Let $V$ be a vector space and $S\subseteq V$ be a subset.
$S$ is linearly independent if there is no $T\subset S$ such that
\[\langle T\rangle = \langle S\rangle.\]$S$ is linearly dependent if it is not linearly independent.

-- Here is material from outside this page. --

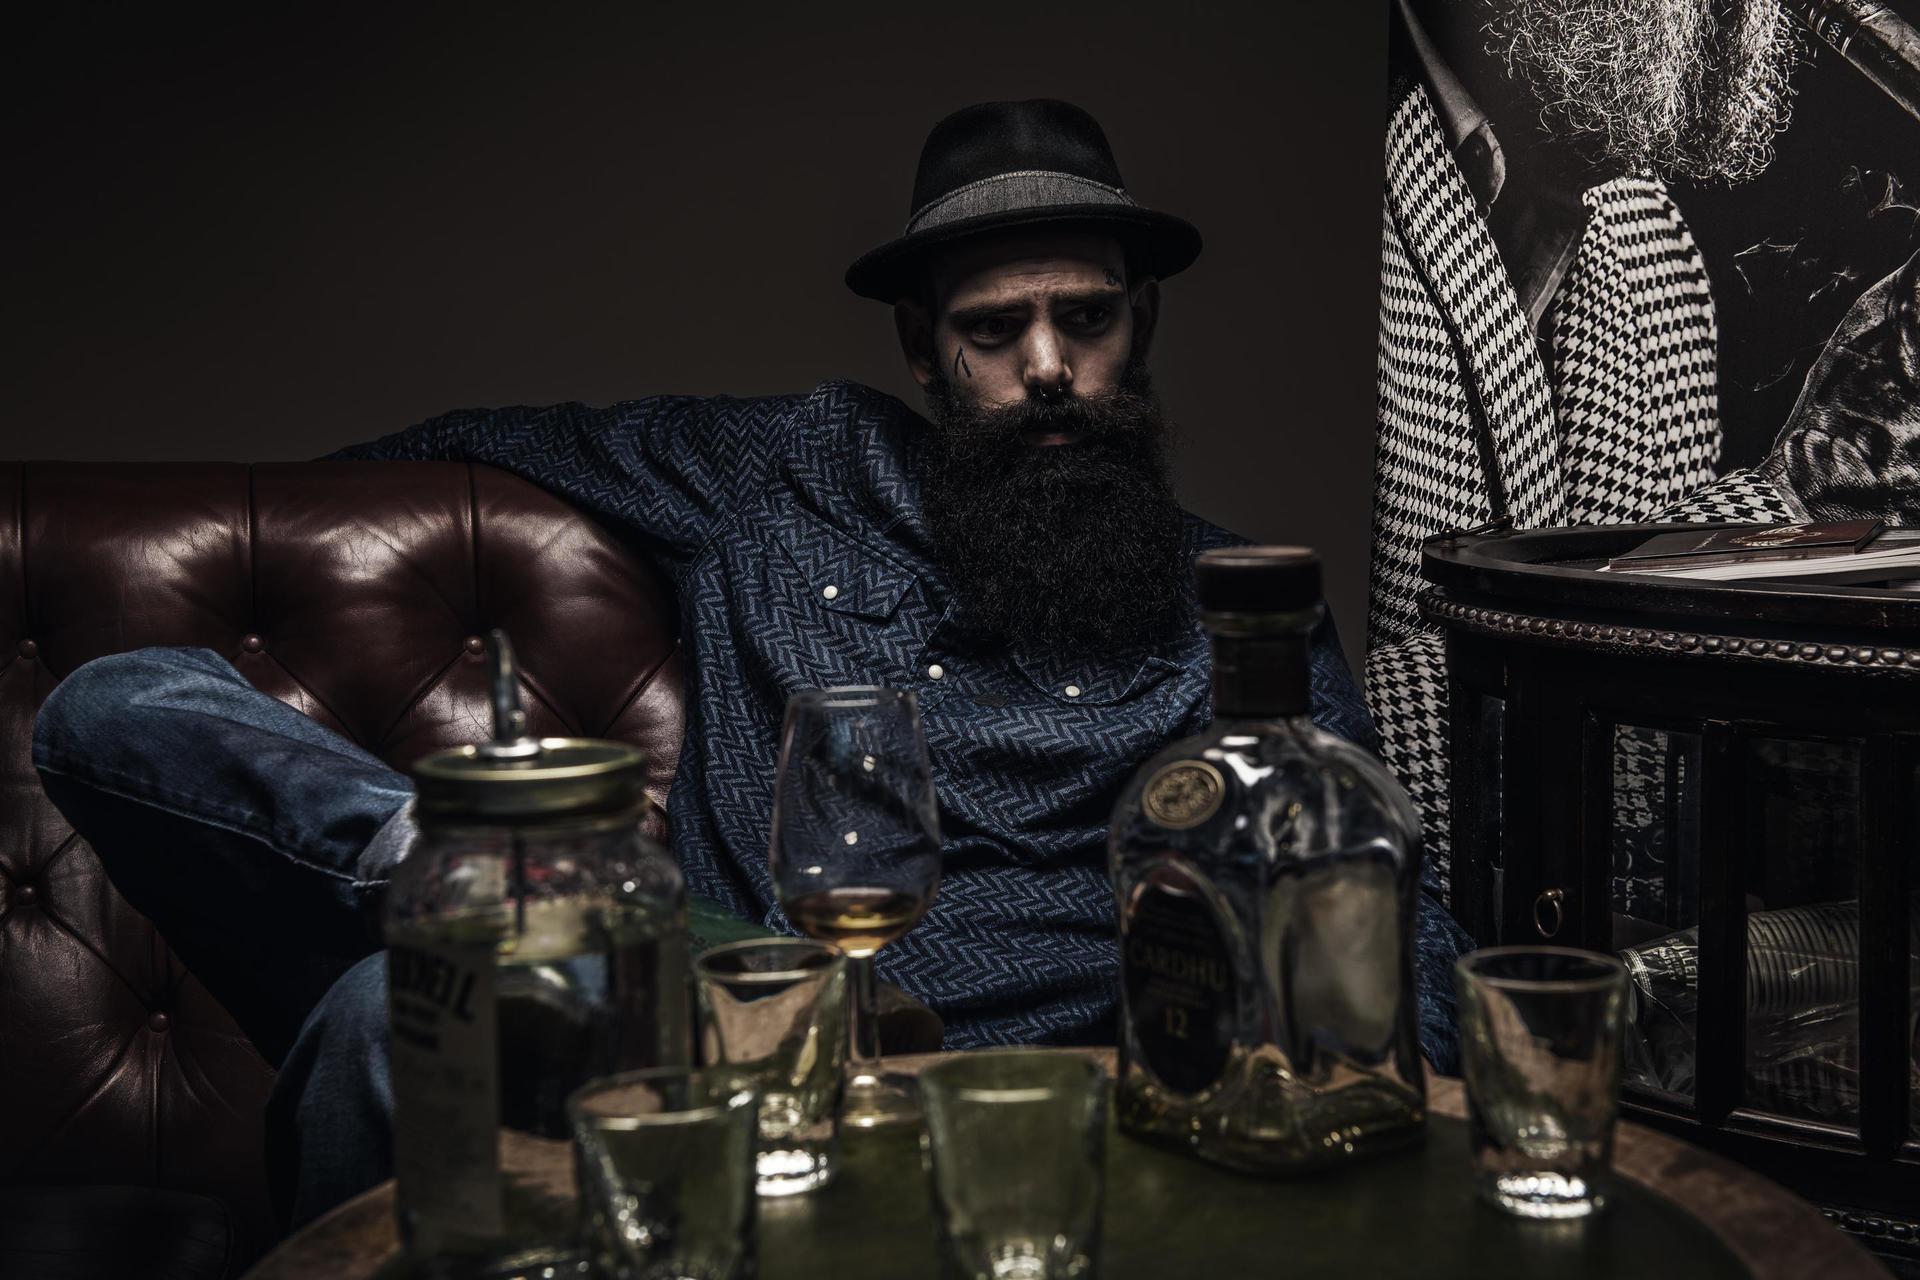 bertolini-photo-jacktheripper-barbershop-9
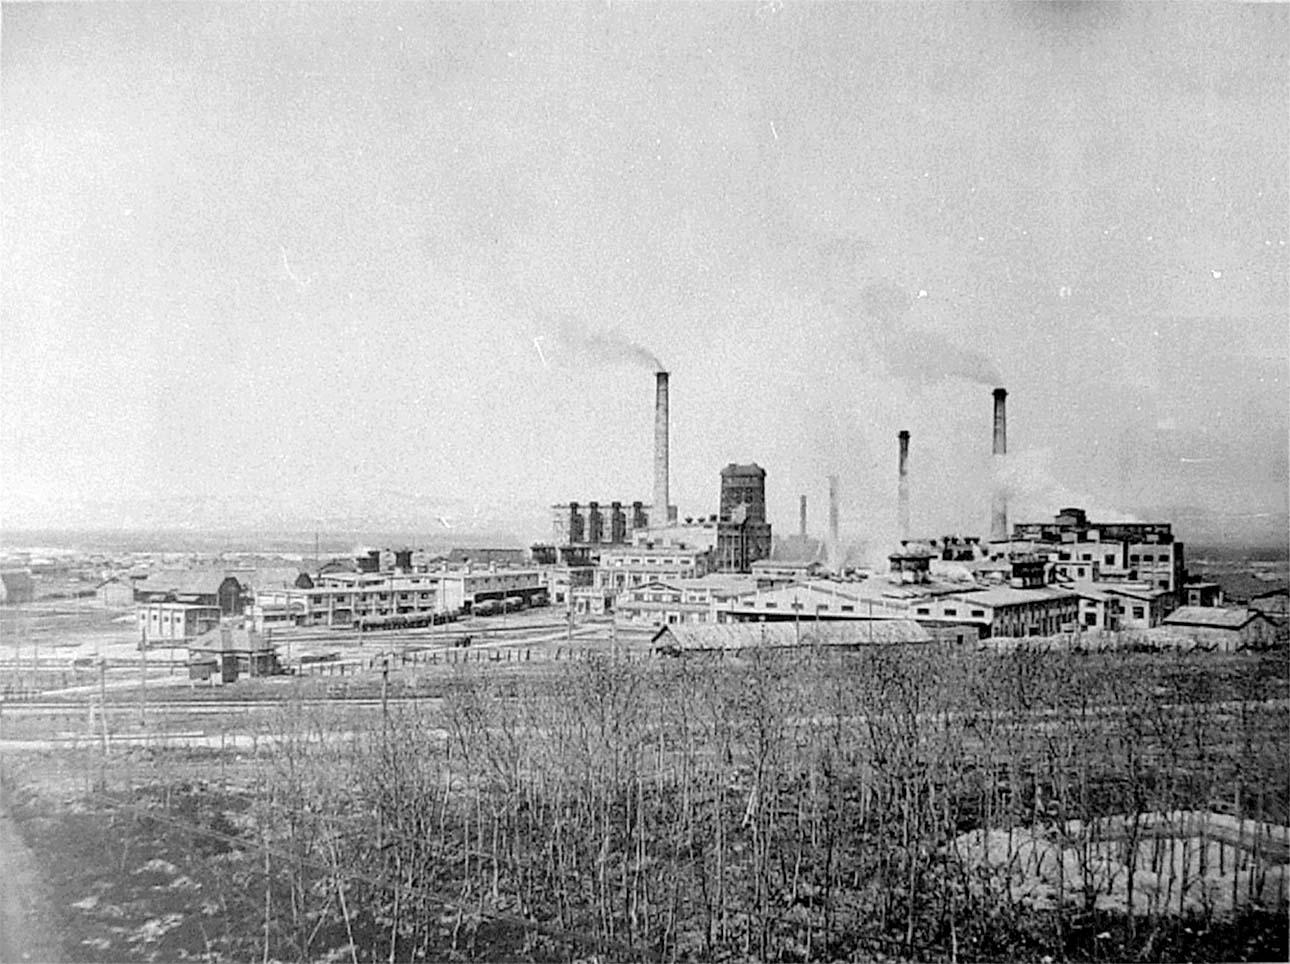 Dolinsk. Paper mill, circa 1930s

Let $V$ be a vector space over $F$ and
\[S = \{v_1,\cdots,v_n\} \subseteq V\]be a subset $(n\geq 1)$. $S$ is linearly independent if and only if for every $x\in V$ there are unique $\lambda_1$, $\cdots$, $\lambda_n\in F$ such that
\[\sum_{i=1}^n \lambda_i v_i = x.\](In other words,
\[f : F^n \to V, \,% (\lambda_1,\cdots,\lambda_n) \mapsto \sum_{i=1}^n \lambda_i v_i\]is a monomorphism.)
In particular, since
\[\sum_{i=1}^n 0\cdot v_i = 0,\]we have:
Let $V$ be a vector space over $F$ and
\[S = \{v_1,\cdots,v_n\} \subseteq V\]be a subset $(n\geq 1)$. If for all $\lambda_1$, $\cdots$, $\lambda_n\in F$,
\[\sum_{i=1}^n \lambda_i v_i = 0 \enspace\rimp\enspace \forall i\in\llbra n\rrbra : \lambda_i = 0,\]then $S$ is linearly independent.
Let $V$ be a vector space over $F$.
For any $v\in V$, $\{v\}$ is linearly independent if and only if $v\neq 0$.
For any finite $S\subseteq V$, if $0\in S$, then $S$ is linearly dependent.
For any finite $S\subseteq V$, $S$ is linearly dependent if and only if some vector from $S$ is a linearly combination of others:
\[\exists v\in S : v\in\langle S\setminus\{v\}\rangle.\]
Notation
- $\langle S\rangle$
- The linear span of $S$.
- $\llbra n\rrbra$
- $\{1,2,\cdots,n\}$.